Specialized S-Works Tarmac - Review

This is the second part of my S-Works Tarmac review - you can read my first impressions here.

The bike arrived just in time for a Mallorca trip we were doing and I thought there would be no better testing ground for it. Smooth roads, iconic climbs and fast descents - a great place to put the much-hyped bike through its paces.

I was hoping I could scoop a global exclusive and report that the bike was not that good...

Alas, the bike was absolutely flawless - I was very impressed indeed.
Despite feeling much less cycling fit post-Ironman than on previous trips to Mallorca, I managed to PB some of the big climbs like Puig Major and Sa Calobra - and I am sure the Tarmac was a big part of that.

Over the four days we had the full weather spectrum, and I take back my criticism of the Royal CLX wheels wet weather performance. In absolutely torrential rain, where there were loads of crashes on slippy roads, they did an admirable job.

The bike is a real looker - whenever I stopped for a coffee and left it against a wall it attracted positive comments. It has that lovely blend of looking very modern and on point with the latest tech but also looks clean and understated. The matt black paint and crisp white decals are such a classic look.

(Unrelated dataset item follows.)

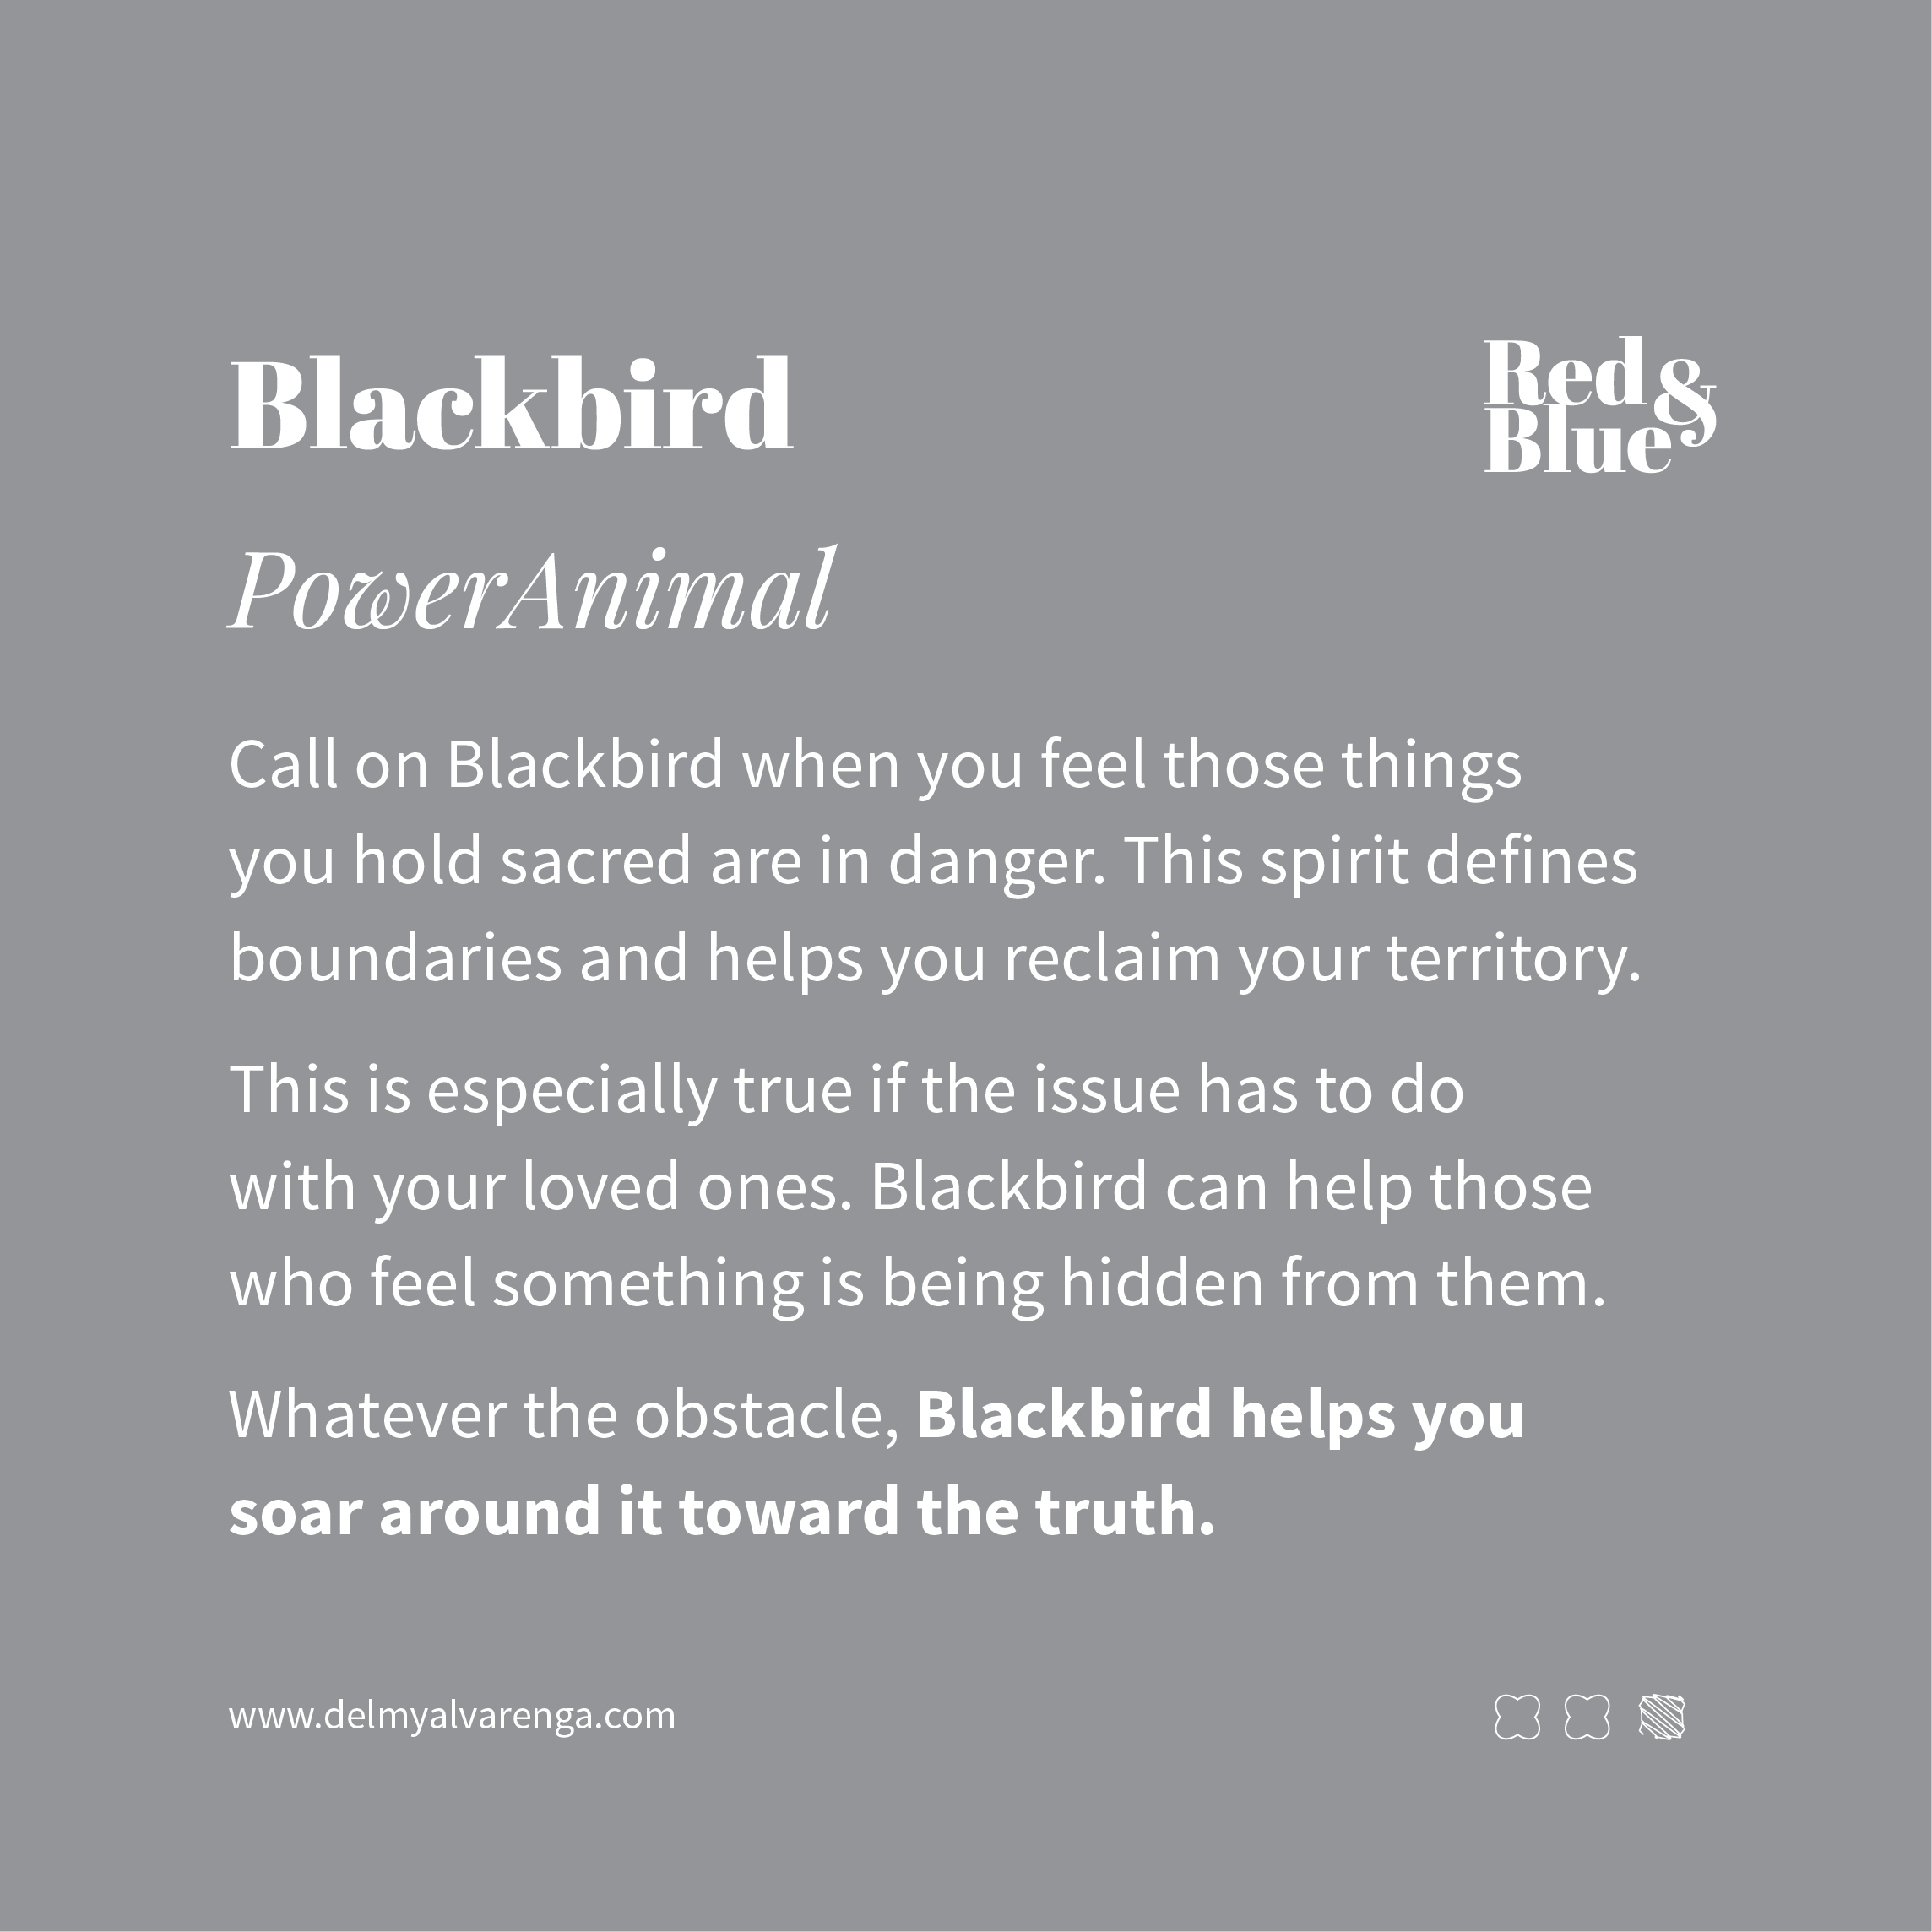 Blackbird Power Animal

The Roval CLX50 wheels were sublime - great for climbing on these sorts of hills (which are normally of the 6-7% grade). On the flat and on the downhill you can really motor.

Because it was a loaner bike I could not cut the steerer; so to get my position I had to slam it with no spacers. Over five days of riding, I never felt sore getting off the bike. The frame design, clever seat post shape that encourages flex in the top 10cm, and those lovely 26mm Turbo Cotton tyres all combine to give a very compliant ride

Climbing, both standing and sitting down, is a dream. The bike is so light and direct. But it never felt nervous downhill. It actually reminded me a bit of my Parlee Altum and Zero which manage to be very light uphill but offer a real sense of solidness and confidence when descending. Some bikes, if you hit a pothole, you fear for both it and yourself. Thats never the case with the Tarmac

I have looked back on a few of my reviews now and there is a common theme - I am normally very positive indeed on the bikes I test.

And clearly, by definition, not every bike can be 'the best'. But it's not impossible for them to all be very good and bordering on the exceptional. I truly think we are in a bit of a golden age in bike design.

Frames are super light, aero, comfortable. Di2 and eTap are just sublime. And carbon wheel design and tyre profiles have really kicked on in the last couple of years. You add all these together and you have a very heady mix indeed.

I have a friend who was testing the S-Works Tarmac at the same time I was. We compared notes, and the first thing he asked himself was how he could find a way to afford to keep it. It's really that good...

I was not vastly impressed with the previous SL4 and SL5 Tarmacs. They were good, but I thought there were other competitors in the high-end market that were better. With the SL6 though, Specialized has developed a great bike. It does everything very well indeed.

One could almost say it's a bike that can do it all - but that would imply you only ever need just one bike. And we know that's never the case.